3.2. De selectiefunctionaris heeft de afwijzing van genoemd verzoek als volgt toegelicht. Uit het selectieadvies blijkt dat een ambulante behandeling van klager bij de forensisch psychiatrische poli- en dagkliniek DOK of De Waag is geïndiceerd.
Daarnaast wordt gekeken of aanmelding bij Bouman GGZ ten aanzien van alcoholproblematiek noodzakelijk is. Tevens zal klager worden aangemeld bij een woonvoorziening. Dit kan plaatsvinden in het kader van een penitentiair programma (p.p.). Plaatsing in
een b.b.i. voorafgaand aan deelname aan een p.p. past niet in dit behandelingstraject. Zolang klager niet gestart is met een behandeling zal het recidiverisico hoog zijn. Het Openbaar Ministerie (OM) adviseert negatief ten aanzien van plaatsing in een
b.b.i. gelet op de aard en ernst van het delict en het feit dat klager nog niet definitief veroordeeld is. Tevens kan maatschappelijke onrust ontstaan als aan klager vrijheden worden verleend. De politie adviseert negatief, omdat de bewoner van klagers
verlofadres heeft aangeven dat klager niet welkom is.
4. De beoordeling
4.1. Op grond van artikel 3 van de Regeling selectie, plaatsing en overplaatsing van gedetineerden komen naast zelfmelders voor plaatsing in een beperkt beveiligde inrichting in aanmerking gedetineerden die een beperkt vlucht- en maatschappelijk
risico vormen, een strafrestant hebben van maximaal achttien maanden en beschikken over een aanvaardbaar verlofadres.
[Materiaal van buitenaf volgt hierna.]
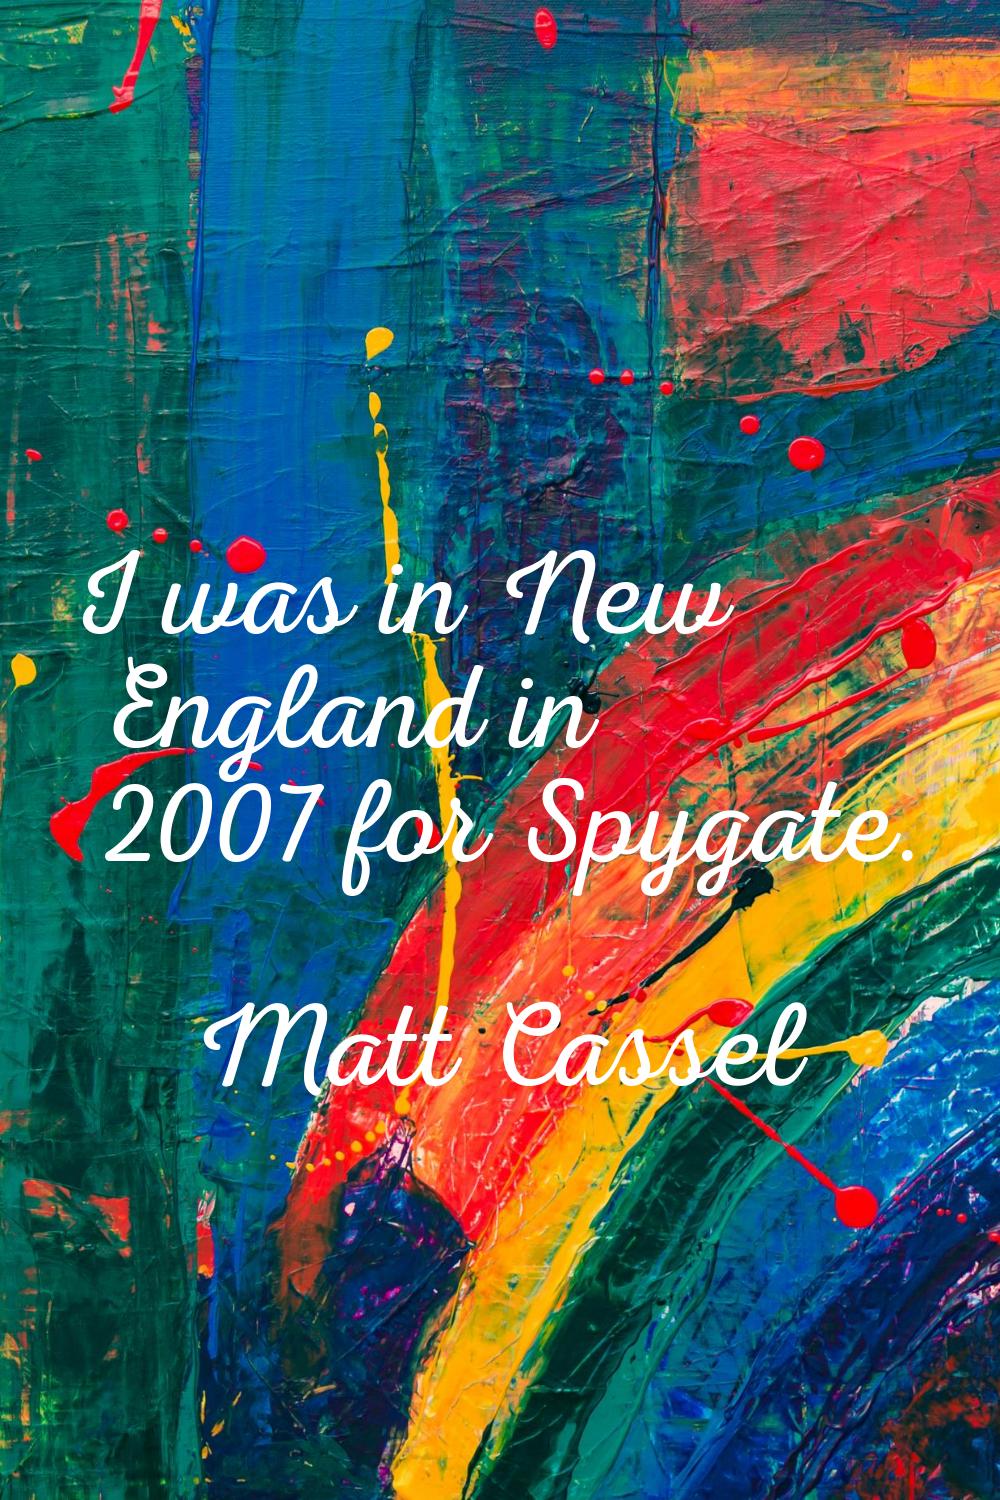 I was in New England in 2007 for Spygate.

4.2. In de toelichting op dit artikel (Stcr. 12 september 2000, nr. 176, pagina 9) staat dat bij de plaatsing in zeer beperkt en beperkt beveiligde inrichtingen de beoordeling of de gedetineerde geschikt is tot terugkeer in de samenleving een
belangrijke rol speelt. Indicator bij de beoordeling daarvan is of de gedetineerde reeds eerder tijdens de huidige detentie met goed resultaat bewegingsvrijheid (onbegeleid) buiten de inrichting heeft genoten (algemeen verlof, schorsing van de
preventieve hechtenis, incidenteel verlof, strafonderbreking), alsmede of zich daarna omstandigheden hebben voorgedaan die aan deze indicator ernstig afbreuk doen. Gelet op het open karakter van de inrichting of afdeling spelen de aard, zwaarte en
achtergrond van het gepleegde delict en de persoonlijkheid van de gedetineerde een rol bij de beoordeling of betrokkene geschikt is voor plaatsing in een zeer beperkt of beperkt beveiligde inrichting of afdeling.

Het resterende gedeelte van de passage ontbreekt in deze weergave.